According to the definition of potential energy, we use $U= mhg . $ In the figure below ,
A thin uniform rod of mass m and length h is positioned vertically above an anchored frictionless pivot point.
Why does a author say that potential energy is $U =\dfrac{mgh}2$ why not $U =mgh$
Similar problem I faced on a problem, when I had to find out the potential energy for lifting water from a hole with height h.
So my problem is, when should I consider center of mass and when I should not?
Imagine your rod is made up from lots of little bricks stacked on each other. Then the total potential energy is the sum of the potential energy of each brick.

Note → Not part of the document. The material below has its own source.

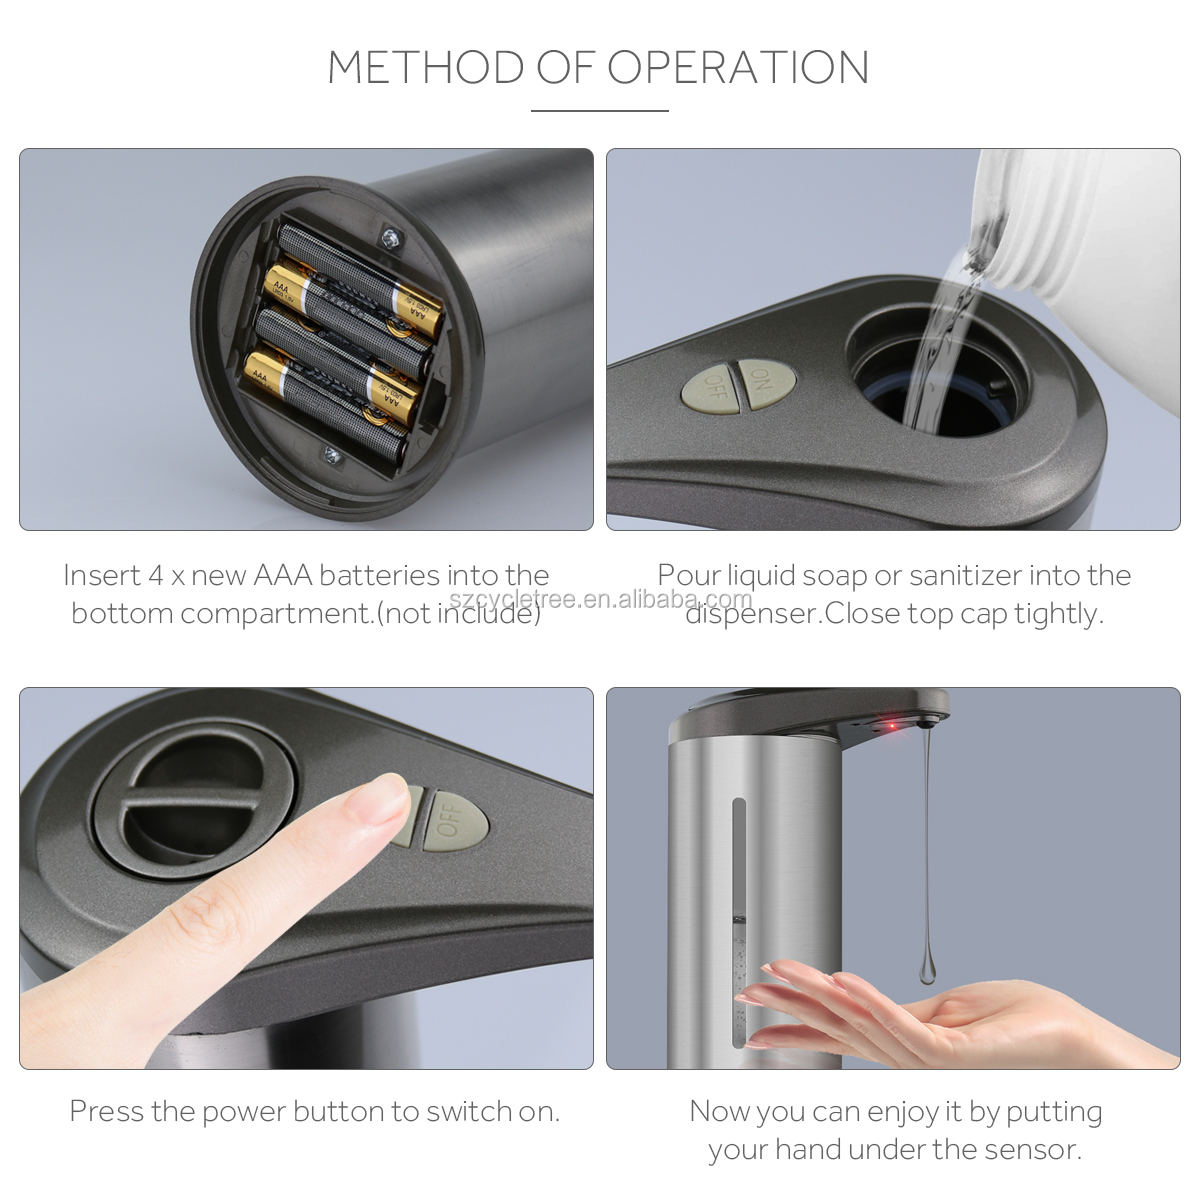 Amazon Hot Bán Điện Xà Phòng Tự Động Dispenser Tay Miễn Phí Hồng Ngoại Touchless Xà Phòng Cảm Biến Dispenser Nhà Máy Bán Buôn
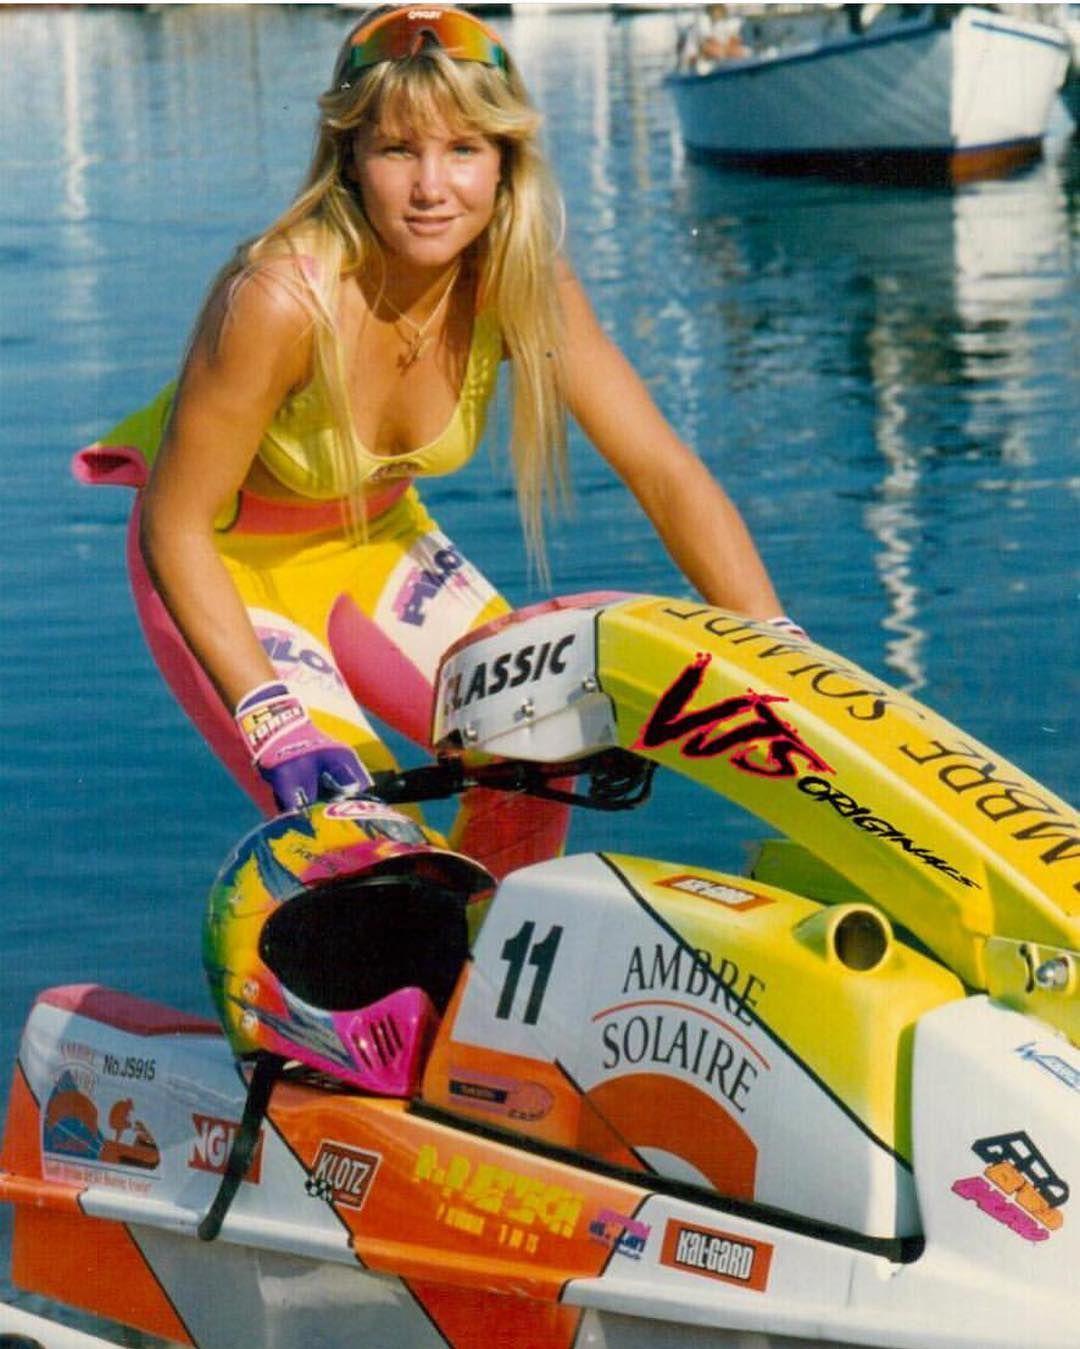 L Image Contient Peut Etre 2 Personnes Plein Air Et Eau In 2020 Vintage Skis Jet Ski Water Crafts

The diagram shows the rod and one of the bricks of size $dx$ and at a height $x$. If $\rho$ is the mass per unit length, then the mass of the brick is $\rho \space dx$, and the potential energy is $\rho \space dx \space g \space x$. To get the total potential energy we just have to sum up the potential energies of all the bricks. To do the sum we let $dx$ go to zero and replace the sum with an integral so:
$$ \begin{align} U &= \rho \space g \int_0^h dx . x \\ &= \rho \space g \left[\frac{x^2}{2}\right]_0^h \\ &= \frac{\rho g h^2}{2} \end{align} $$
And since $\rho h$ is just the mass $m$ this gives us:
$$ U = \frac{mgh}{2} $$
As you say, this is the same result you get by just considering the centre of mass, but note that we've got this result without involving the centre of mass at all. I think this is a better way to understand why the potential energy is $mgh/2$ without just invoking the centre of mass and waving your arms in the air.
You always consider centre of mass. The height $h$ in the equation $U = mgh$ is the height of the centre of mass. In your case, the rod is of height $h$, so the centre of mass is at $\dfrac{h}{2}$
No work is required to rotate the rod about its center by 90 degrees. The center of the rod is at height $h/2$. The PE of a horizontal rod at a height $h/2$ is $m g h/2$.
Another way to see this: If all of the mass were concentrated at the top of the rod, the PE would be $m g h$. If all of the mass were concentrated at the bottom of the rod, the PE would be 0. The average of these two values is $m g h/2$.